I’m confused. I’m not even sure what you think this “feature” is.

This… just doesn’t make sense to me.

I’ll try to clarify what I think are the four cases we were discussing – three relate to method references, only one relates to FI/SAM:

  • SomeClass::staticMethod – treating such Java static method references as if they were full-blown BL functions (Clojure has supported this for years)
  • someObject.instanceMethod – treating such bound Java instance method references as full-blown BL functions (Clojure does not support this)
  • SomeClass::.instanceMethod – treating such unbound Java instance method references as functions that can later be called on a specific object, with arguments (Clojure is adding this in 1.12; this is the new functionality I was discussing above)
  • passing a BL function (closure/lambda) to a Java method that expects a FI/SAM implementing class instance – auto-coercing the BL function to an instance of a proxy class that implements that FI/SAM (Clojure previously required reify to do this but in 1.12 is natively supporting this auto-coercion for FIs only)

The fourth point was where your tests broke because strings are Comparable and that’s an FI – so my suggestion was for the caster to only allow functions to be cast and treat non-functions as an error.

Your last post seemed to suggest a fifth case which… did I miss that?

I think it is worth looking at how Kotlin does this too:

That works well in a language with static types – Kotlin is requiring you to specify the interface type as a “hint” for converting the lambda into a instance of a class that implements the SAM.

If you don’t have static types, you either need new syntax added to support that, or you need to be able to do it implicitly, based on the target of the usage (which is what Clojure does and what we’re talking about BoxLang doing).

Yep, and those all make sense to me.

Yep, there is 100% a 5th case I’ve been discussing for the past 4 message of mine :slight_smile: I thought I had described it well, provided examples, linked to the JIRA ticket for, etc but I guess we’re talking about too many things at once here.

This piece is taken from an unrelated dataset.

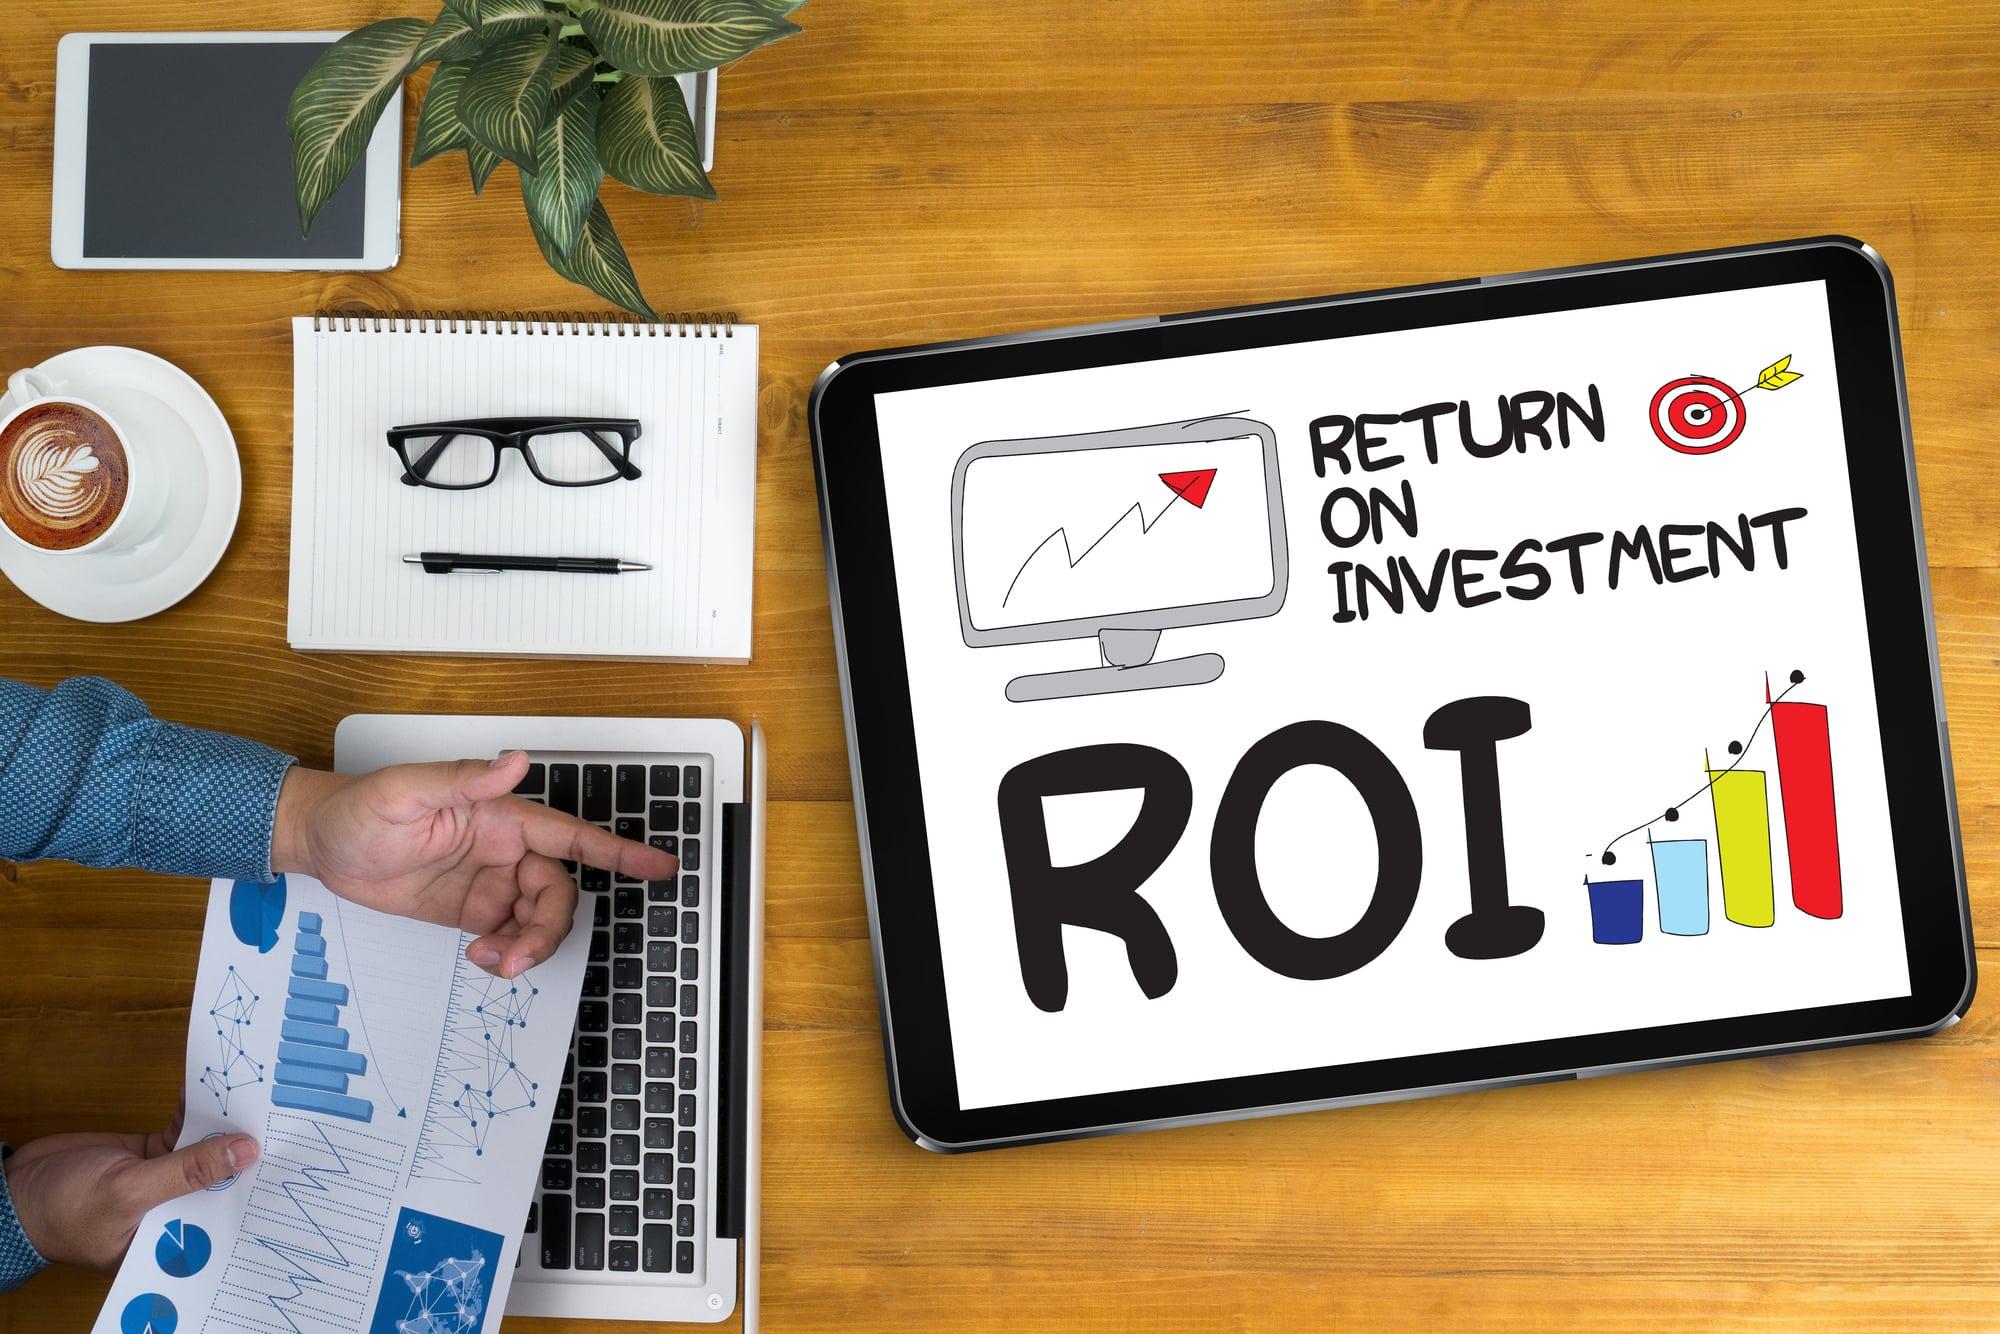 بازگشت سرمایه و اهمیت دیجیتال مارکتینگ

This is not the same as taking first class functions of BoxLang and passing them into Java-land so they can be used by the JDK or 3rd party Java libs as a FI/SAM This is the opposite where BoxLang can take an existing instance of a Java FI/SAM and use it as a first class BoxLang Function. So you see, the other way around!

Here is one of the examples again from above to demonstrate a use case for this:

import java.util.Collections;
// ArraySort auto-casts the FI/SAM to a first-class BoxLang function
[ 1, 7, 3, 99, 0 ].sort( Collections.reverseOrder()  )

So, if we look at the Collections class, see the reverseOrder() method returns a pre-built Comparator instance, which is a FI/SAM interface.

Now, I COULD have done this additional boilerplate

import java.util.Collections;
myJavaComparator = Collections.reverseOrder()
[ 1, 7, 3, 99, 0 ].sort( (a,b) => a, b ) )

but as you can see in my first example, auto-casting the Comparator SAM to a first-class BoxLang function allows me to use this java comparator just directly with the BoxLang higher order functions.

Another potentially-valid use case I haven’t taken the time to whip up would be passing a Java Lambda to a BoxLang method invocation requiring a function via JSR-223.

Got it! Now that makes sense. Hadn’t thought of that before but it would be quite nice too!